Les preuves expérimentales sont claires : dans des conditions contenant à la fois CaCO₃ et CaSO₄, l'injection continue de MB pendant quatre jours a augmenté la rétention de flux de 55 à 63 % à 83 à 86 %. Remarquablement, les performances ont non seulement dépassé celles du groupe témoin, mais également celles des antitartres commerciaux, démontrant que les MB peuvent fonctionner comme une méthode de contrôle du tartre verte et sans produits chimiques-.
Pour le nettoyage, les MB démontrent un potentiel tout aussi fort.Contrairement au nettoyage chimique traditionnel, les MB reposent sur des perturbations physiques :
- Mouvement brownien– Les MB se déplacent de manière aléatoire dans la solution, perturbant la couche de polarisation de concentration et améliorant le transport du soluté.
- Adsorption superficielle– Grâce à leur grande surface spécifique, les MB adsorbent les tensioactifs et autres molécules actives, modifiant la mouillabilité et la tension superficielle de la membrane, ce qui facilite le détachement des couches d’encrassement.

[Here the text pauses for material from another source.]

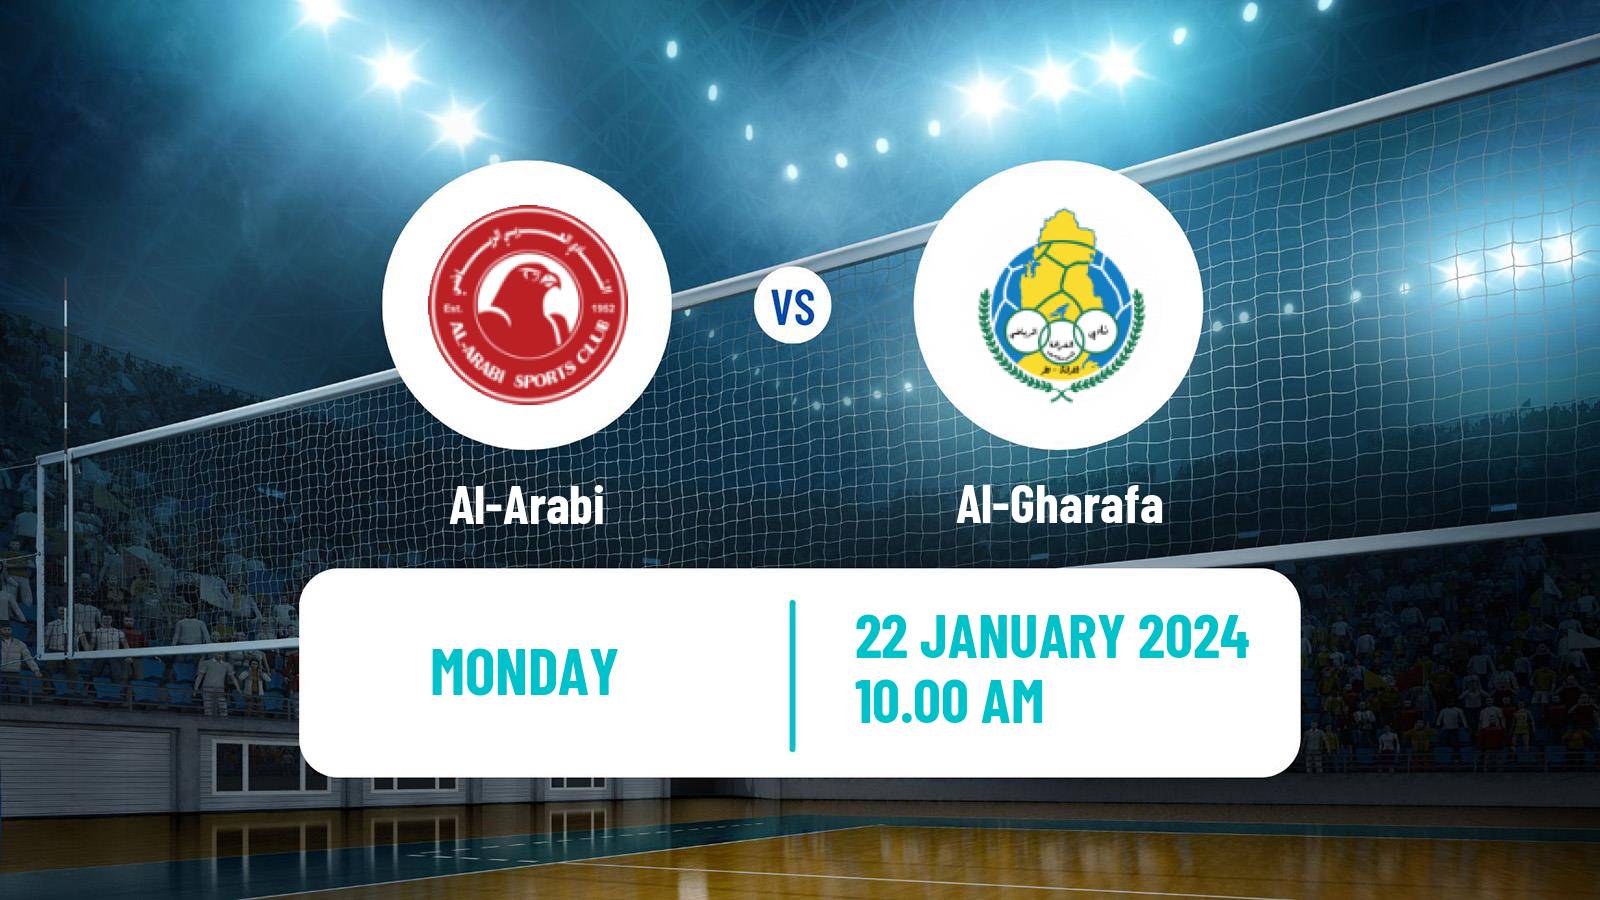 Volleyball Qatar Volleyball League Al-Arabi - Al-Gharafa

- Effondrement interfacial– L’effondrement des bulles libère des explosions d’énergie localisées, délogeant physiquement les dépôts salissants.
Des expériences de nettoyage in situ ont montré que les MB peuvent restaurer le flux de la membrane RO à 100 % tout en augmentant le rejet de soluté de 0,8 %. Comparé au nettoyage acide ou alcalin, le nettoyage assisté par MB-est plus doux, réduit la corrosion chimique de la membrane et réduit les rejets de produits chimiques.

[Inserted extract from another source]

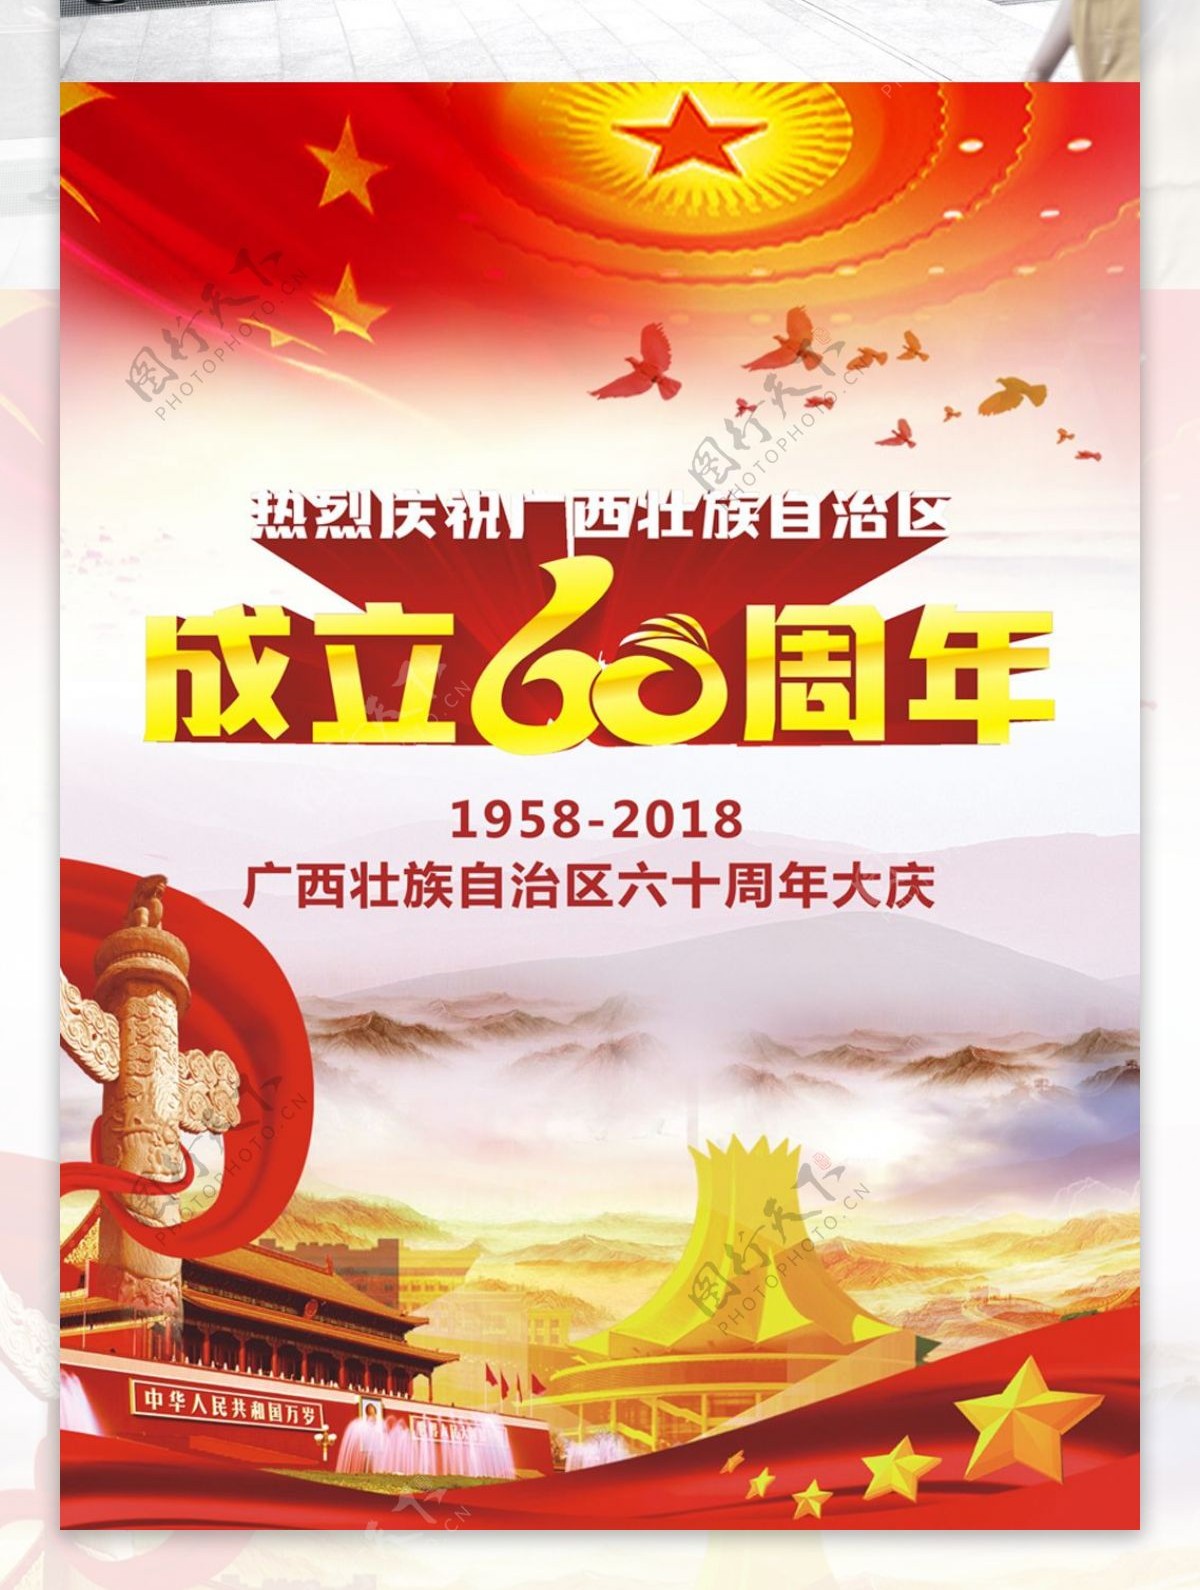 广西自治区成立60周年海报

Les conditions de fonctionnement sont essentielles aux performances du MB.À des températures et des pressions plus basses, les MB survivent plus longtemps et fonctionnent plus efficacement ; des débits d'air appropriés aident à augmenter la densité des bulles au niveau de la couche limite de la membrane, améliorant ainsi les turbulences. En revanche, à des températures et des pressions plus élevées, l’effondrement des bulles se produit plus rapidement, réduisant ainsi leur efficacité. Par conséquent, une application industrielle optimale des MB nécessite une intégration avec l’optimisation des paramètres de processus.
Pour l’avenir, plusieurs tendances se dessinent.À mesure que l'industrie du traitement de l'eau s'oriente vers des opérations plus écologiques et à moindre consommation de produits chimiques-, les MB sont susceptibles d'être utilisés en combinaison avec des antitartres conventionnels ou des systèmes de surveillance intelligents. Le dosage de produits chimiques à faible-dose plus MB pourrait permettre un contrôle efficace de l'encrassement à un coût réduit, tandis que-la surveillance en temps réel du flux et du TMP pourrait permettre des stratégies d'injection adaptatives de MB pour une prévention précise. Des recherches à long terme-sont également nécessaires pour évaluer si les radicaux libres générés lors de l'effondrement des bulles peuvent affecter la stabilité du matériau de la membrane.
En résumé, les MB améliorent les performances de l'OI en inhibant l'encrassement par adsorption électrostatique, interférence de nucléation et turbulence, tout en renforçant le nettoyage par le mouvement brownien, l'adsorption et l'effondrement interfacial. Non seulement ils stabilisent le flux et le TMP, mais ils réduisent également le recours aux agents chimiques, offrant ainsi une option plus écologique et plus rentable-pour le fonctionnement de l'OI. Avec des recherches plus approfondies et la maturation des équipements, les MB sont sur le point de devenir une technologie clé pour l'inhibition de l'encrassement et le nettoyage des membranes RO, faisant progresser l'industrie du traitement de l'eau vers une efficacité plus élevée, une consommation d'énergie réduite et une plus grande durabilité.